350 rub
Journal Information-measuring and Control Systems №2 for 2013 г.
Article in number:
Extraction of the significant information from files of not structured texts
Authors:
А.I. Zaharenkov, A.V. Sokolov
Abstract:
Function of extraction of the facts from the natural language data should be one of the basic functions of information-analytical system. For this purpose in structure IAS the model of the facts and knowledge base model should be generated. This models should meet following requirements: Thesaurus presence; The data demanding processing should be rubricated; The data, should be registered taking into account maintenance of contextually-reference search; Presence of base of the rules, expanded while in service IAS. The model of a following kind is applied to the description of the facts: , Where ? slot with a name of the subject of the fact (initiates action); ? slot with a name of object of the fact (the object describes result of action); ? slot with a predicate (the semantic relation between the subject and object); Existing methods of extraction of the facts [1-4] are based on extraction from text given сущностей (names of the organisations, names of settlements, etc.) with the subsequent to searches of interrelations between them. However the specified methods have following restrictions: Possibility of formation of summaries and endurances from considered text documents is not provided; There is no possibility of elimination of uncertainty in the presence of identical factors in various sources of the initial data. The method of extraction of the facts from the text documents presented in Russian and English languages, based on use of the rules set by experts is developed. For realisation of a method of extraction of the facts from texts the knowledge base defining rules of extraction entities and relations between them is preliminary generated. The method represents sequence of stages on revealing of minimum syntactic units and to an establishment of communications between them with maintenance of automatic formation of summaries.
Pages: 9-16
References
  1. Sunita Sarawagi // Information Extraction ? Foundations and Trends in Databases. 2007. V. 1. № 3. Р.261-377.

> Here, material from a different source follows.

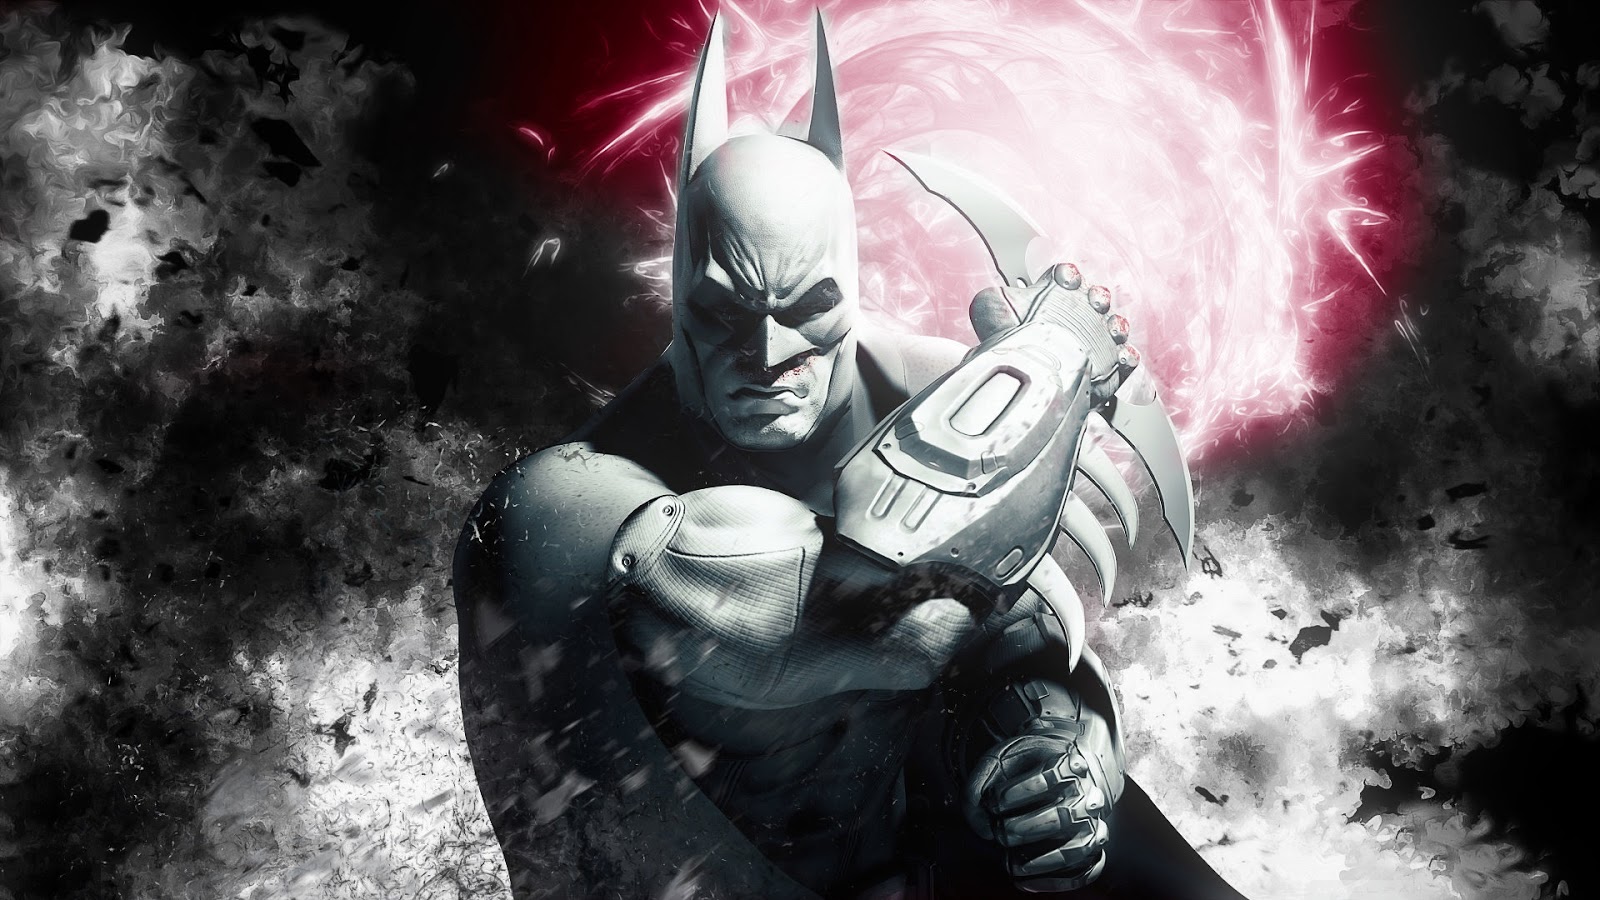 Batman New HD Wallpapers 2013 All About HD Wallpapers
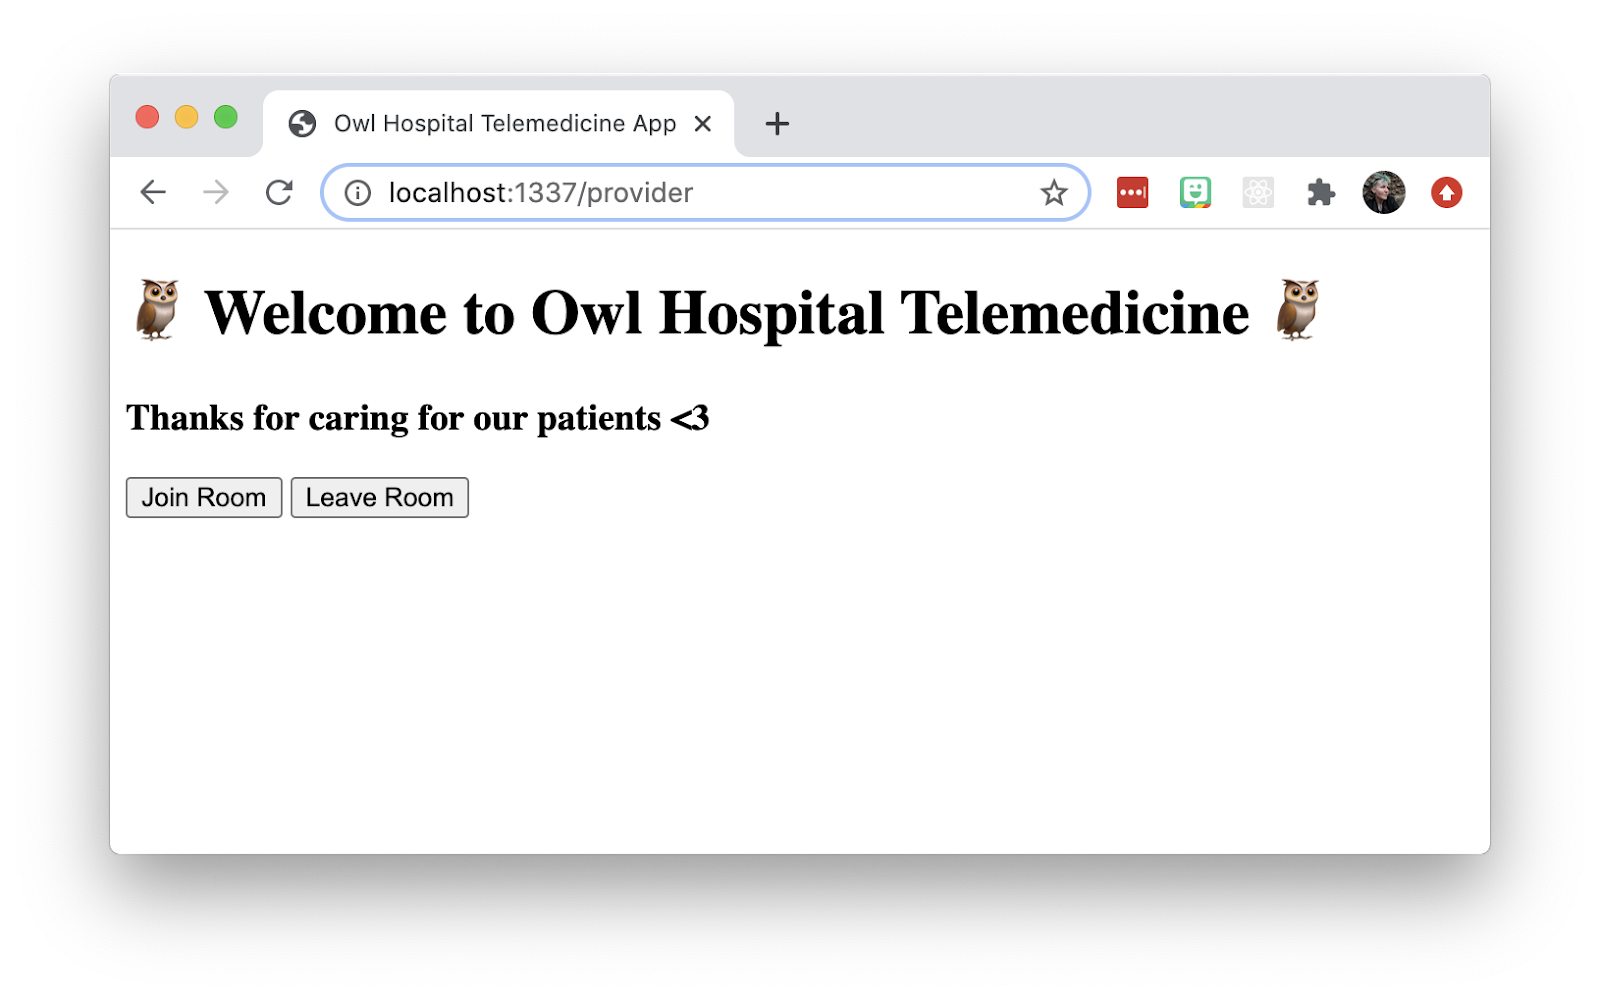 Screenshot of the front end of a telemedicine app. Large text says "Welcome to Owl Hospital Telemedicine." Small text says "Thanks for caring for our patients <3". There are 2 buttons, "Join Room" and "Leave Room". Page has no styling.

  2. Hamish Cunningham // Automatic Information Extraction. 2004.
  3. Fabian M. Suchanek // Information Extraction. 2011 //  suchanek.name/work/ teaching/IE2011a.pdf.
  4. Fabian M. Suchanek // Natural Language Processing. 2011 // http://suchanek.name/work/teaching/ ? NLP2011senegal /NLP2011senegal.pdf.
  5. Кониченко А.А., Соколов А.В. Классификация последовательностей сигналов, основанная на кодах // Информационно-измерительные и управляющие системы. 2012. № 2.
  6. Бутов А.Л., Миргалеев А.Т. Метод извлечения фактов в информационно-аналитических системах из информации, представленной на естественном языке //Информационно-измерительные и управляющие системы. 2012. № 2.
  7. Миргалеев А.Т., Теплова В.В. Подход к формализации задачи оценки времени эвакуации людей с этажа образовательного учреждения в информационно-аналитических системах пожарной безопасности // Информационно-измерительные и управляющие системы. 2012. № 2.